School of Public Health, University of Haifa, 199 Aba Khoushy Ave., Mount Carmel, ZIP Code 3498838, Haifa, Israel.
A. Mishali Counselling Services, Remez St. 47, ZIP Code 3604447, Kiryat Tivon, Israel.
Obes Surg. 2022 Sep;32(9):3041-3046. doi: 10.1007/s11695-022-06195-6. Epub 2022 Jul 12.
The purpose of this study was to examine the connection between weight regain 2 to 5 years after bariatric surgery and three psycho-behavioral factors: mental health, general health efficacy, and emotional regulation.
A convenience sample of 120 participants was recruited, 80 of whom had already had bariatric surgery 2 to 5 years earlier, whereas 40 were candidates for such procedure but did not undergo it yet. Each participant filled a consent form, a socio-demographic one, and extra three questionnaires related to socio-behavioral characteristics: Mental Health Inventory (MHI), General Self-efficacy (GSE), and Difficulty in Emotional Regulation Scale (DERS). SPSS version 25 was used to analyze the data, and a one-sample Kolmogorov-Smirnov test was conducted to examine the distribution of the continuous variables.

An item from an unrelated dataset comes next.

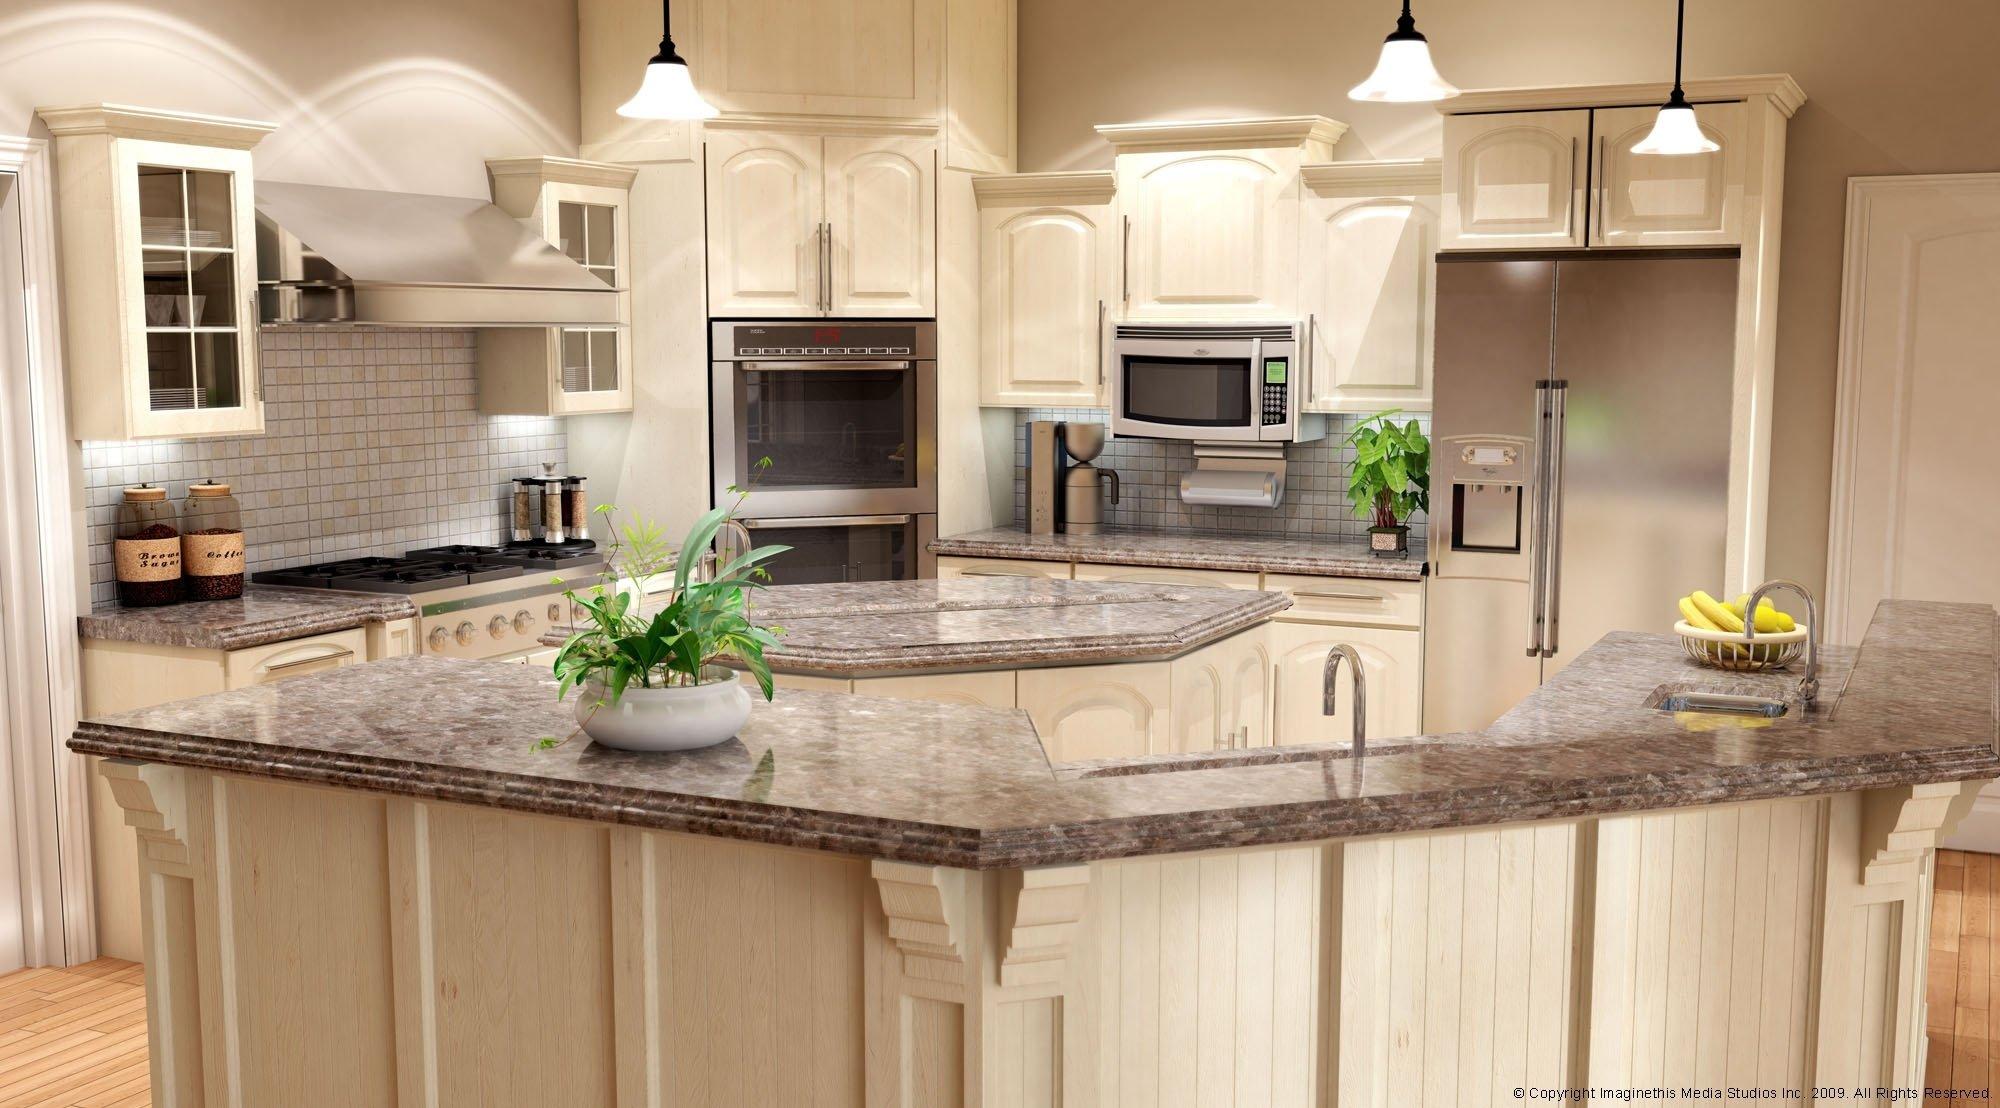 10 Gorgeous Kitchen Ideas With White Cabinets white kitchen cabinet ideas with gray granite countertop eva furniture 2020

Those in the non-reducers group experienced (2.19 ± 0.63) greater difficulties than the reducers group (1.82 ± 0.39) when it came to their emotional regulation, whereas the candidate group (1.96 ± 0.47) were situated in-between the groups already operated in terms of their DERS scores (p = 0.008). The reducers group had higher GSE scores (2.75 ± 0.35) than the non-reducers group (2.59 ± 0.39) (p = 0.03).
Effective emotional regulation is linked to weight loss maintenance after bariatric surgery. Difficulties in emotional regulation are negatively correlated with maintaining weight loss among bariatric patients who undergo surgery. General self-efficacy is positively correlated with weight loss maintenance after bariatric surgery.
本研究旨在探讨肥胖症患者接受减重手术后 2 至 5 年内体重反弹与三种心理行为因素之间的关系:心理健康、一般健康效能和情绪调节。
本研究采用方便抽样法招募了 120 名参与者,其中 80 名参与者在 2 至 5 年前已经接受过减重手术,40 名参与者是该手术的候选人但尚未接受手术。每位参与者填写了一份同意书、一份社会人口学问卷和三份与社会行为特征相关的额外问卷:心理健康量表(MHI)、一般自我效能感量表(GSE)和情绪调节困难量表(DERS)。使用 SPSS 版本 25 分析数据,并进行了单一样本 Kolmogorov-Smirnov 检验,以检验连续变量的分布。
在情绪调节方面,非减重组(2.19±0.63)比减重组(1.82±0.39)经历了更大的困难,而候选组(1.96±0.47)在 DERS 评分方面则处于两组之间(p=0.008)。减重组的 GSE 评分(2.75±0.35)高于非减重组(2.59±0.39)(p=0.03)。
有效的情绪调节与肥胖症患者接受减重手术后的体重维持有关。减重手术后,情绪调节困难与维持体重减轻呈负相关。一般自我效能感与减重手术后的体重维持呈正相关。